I’m so thankful I haven’t waited or relied on public school systems to teach my kids what they need to know about race. Here we are, thirteen years after becoming a family, and I’m wholly unimpressed. Yes, there have been great strides, but some of them are simply the tip of the proverbial iceberg. Some attempts completely miss the mark or are superficial at best.
I am glad to see progress in the forms of activism and awareness. There are positive policy changes happening across the country, such as ditching racist dress code policies that discriminate against Black students’ hair. Juneteenth is now a national holiday. Critical Race Theory is passionately debated, and I’m glad this issue is on the table. We have a Black woman in the White House. However, we have a long way to go.
Parents can’t afford to wait on other people and systems to get on board and get it right. My family doesn’t have time for that. So we read the books, watch the documentaries, listen to music and podcasts, and discuss, discuss, discuss. My children are learning the history behind Juneteenth and Black Wall Street, what code switching and white fragility means, amazing Black inventors, listening to Black artists in all sorts of music genres. They’ve learned that Memorial Day used to be Decoration Day, a holiday created by Black Civil War soldiers to honor their fallen.
I’m all for Critical Race Theory, real history, Juneteenth, and all of the things I never got as a kid in public school. However, I’m not going to wait around for politicians to create laws and policies to mandate these be taught and observed. Progress takes time, time that is precious.
I also don’t trust white teachers to teach accurate history to my kids. I just don’t. These same teachers who would only teach about MLK in January and a sprinkling of Black history in March are now suddenly supposed to be woke? No, just no. Now listen, before you DM me, I love teachers. They are overworked, underpaid, and are freaking saints. But they are not immune to supremacy and racism in America. Many teachers were brought up in the same public school system I was, the one where race was taboo and Black history was limited to slavery and bus boycotts.

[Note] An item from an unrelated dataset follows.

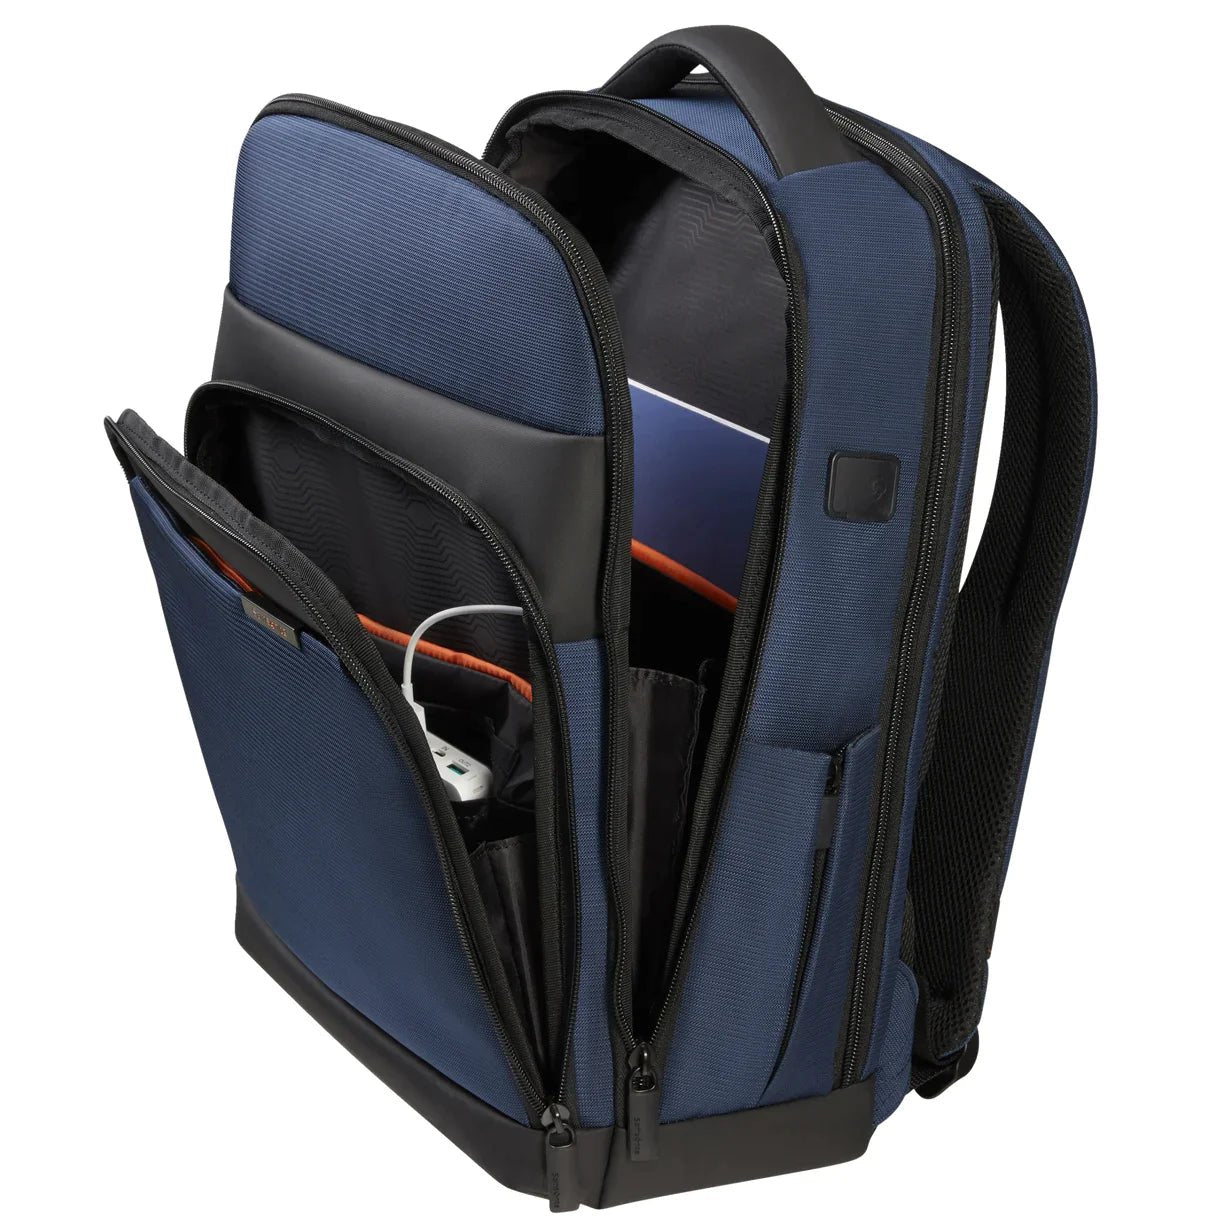 Samsonite Mysight Laptop Backpack 43 cm - Blue

We can fight for racial equity while not waiting on it to catch up with our children’s needs. Teachers often say, and it’s true, that parents are their children’s first teachers. Parents, it’s up to us to teach our kids. That means we have to be educated ourselves and be willing to learn alongside our children. We will make mistakes—and that’s OK. However, I’d rather screw up and keep going than wait on any system to decide that my kids’ race is important enough to be included.